* **TASK TO CARRY OUT**
Look below for the line containing "Lebron James King". Write out that line and the rest through the last one, exactly as they appear, but without pictures.

* **GIVEN DATA**
....

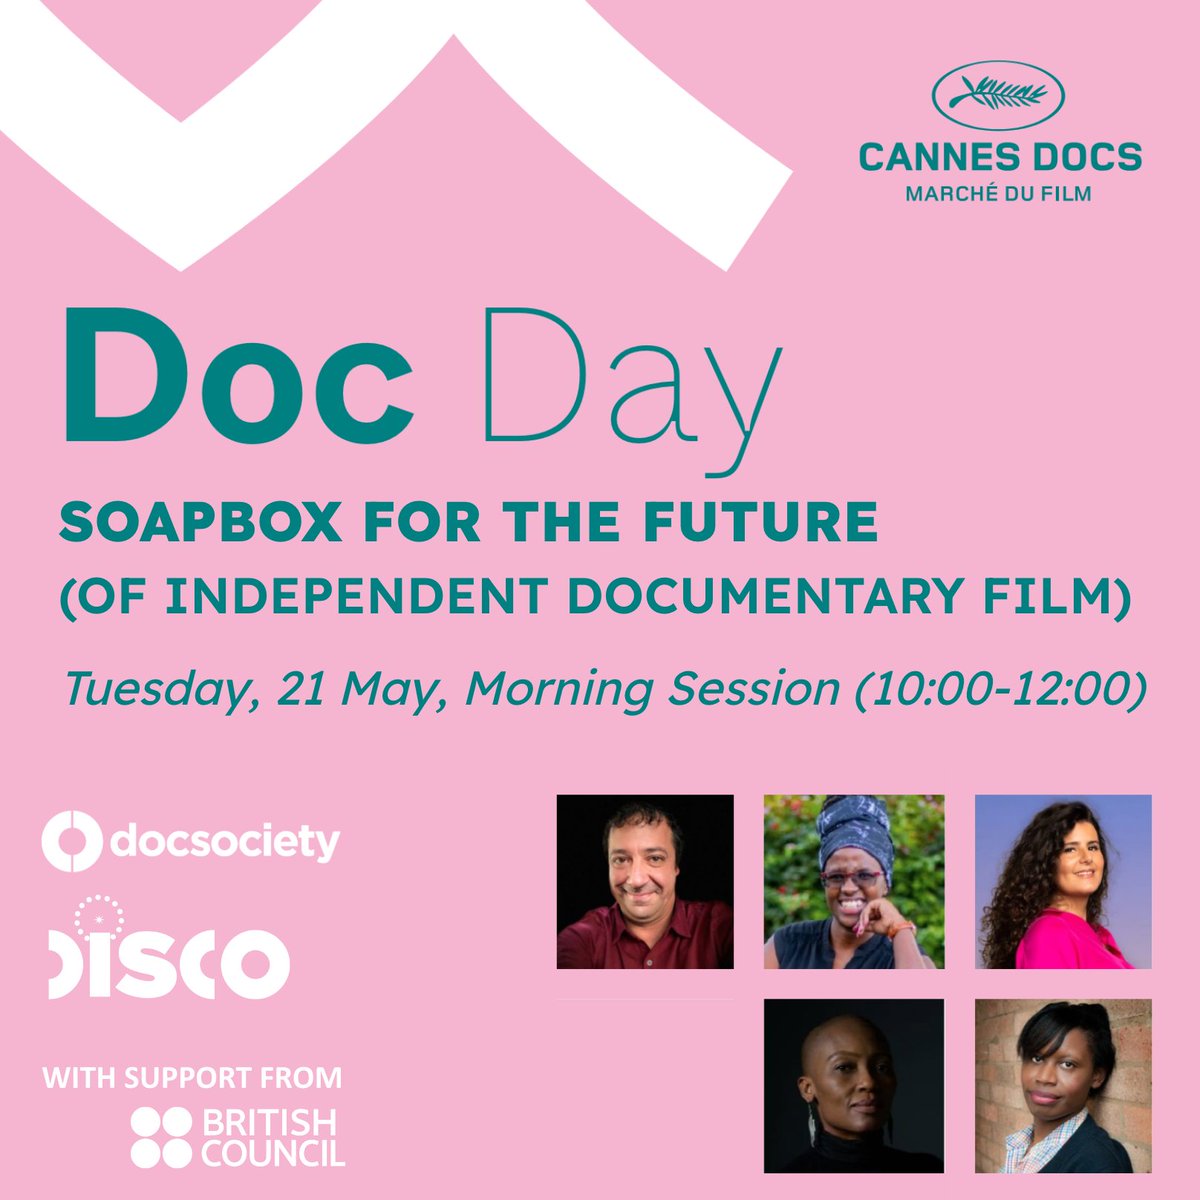 Join us at Cannes on Tuesday 21 May for #CannesDocs morning session (10:00-12:00), where we will be hosting the ✨Soapbox for the Future (of Independent Documentary Film)!✨ With special keynotes from @DocsMX @DOCUBOXFilmFund @EncountersDoc #NewDawnFund & more See you there!👋
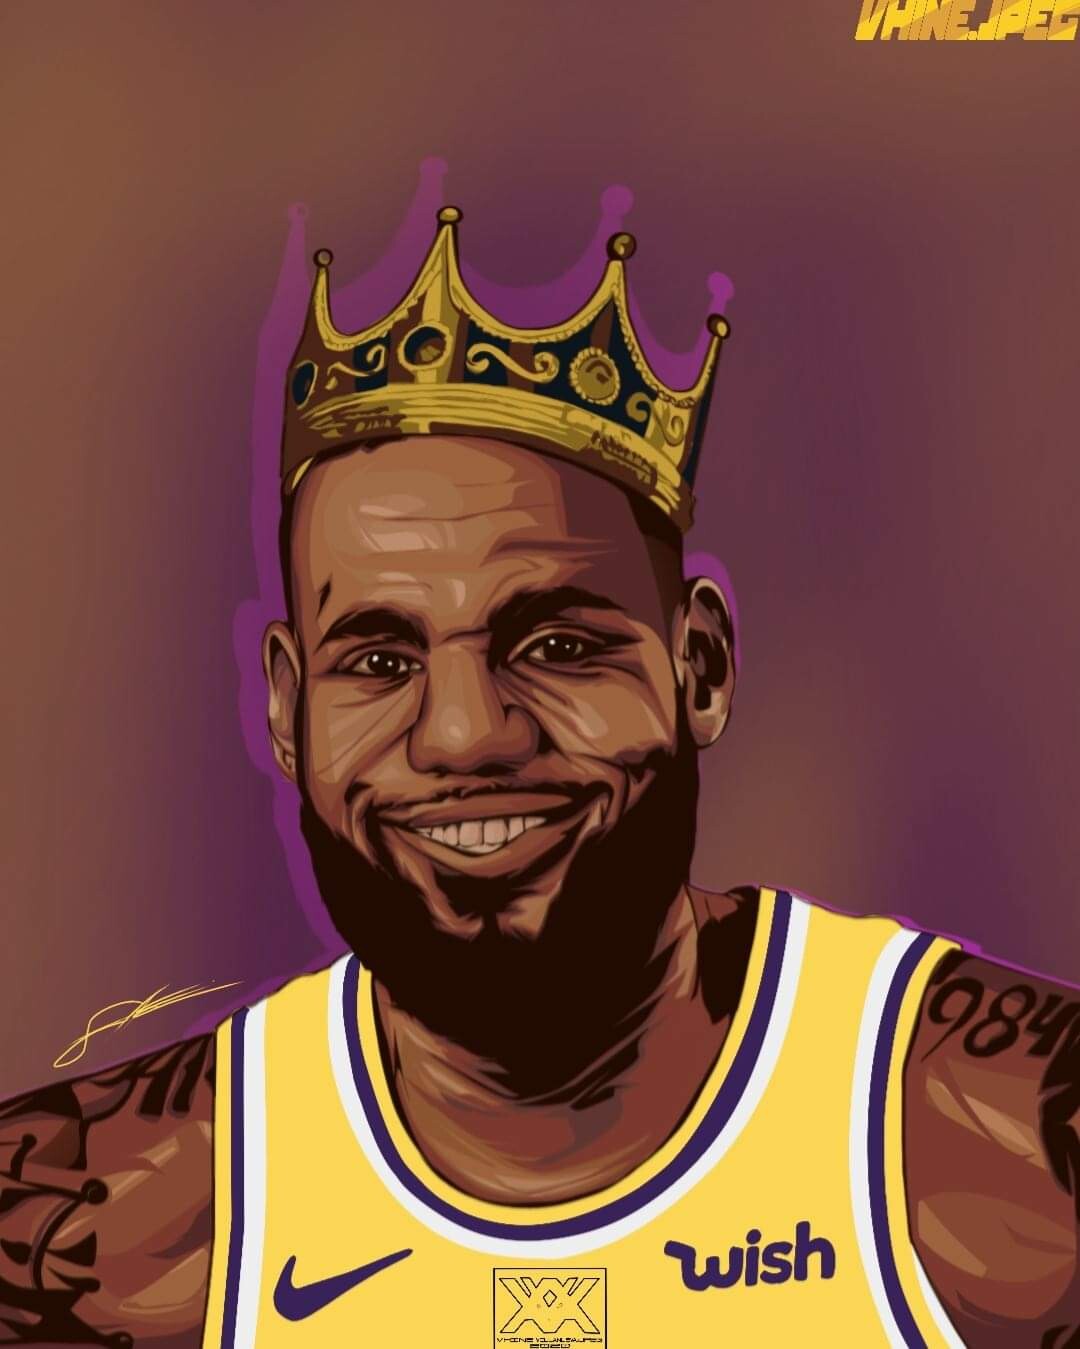 Lebron James King with Crown Portrait Fan Art Painting Style Digital Image  .PNG file
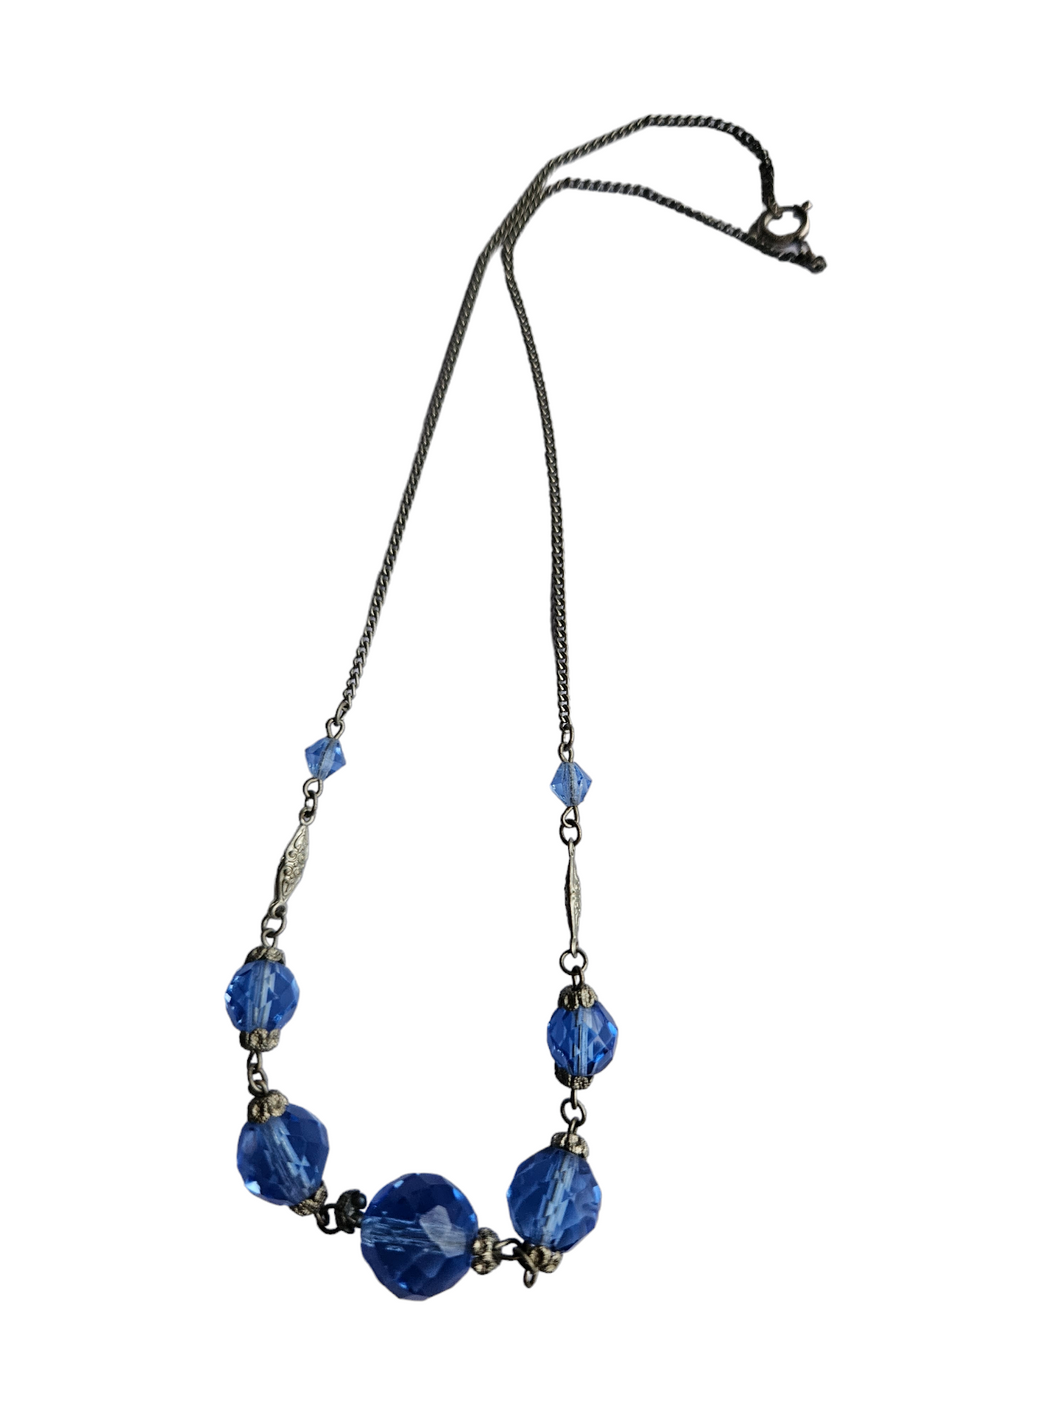 1930s Deco Blue Glass and Chain Necklace

....

* **YOUR SOLUTION**
 Lebron James King with Crown Portrait Fan Art Painting Style Digital Image  .PNG file
 1930s Deco Blue Glass and Chain Necklace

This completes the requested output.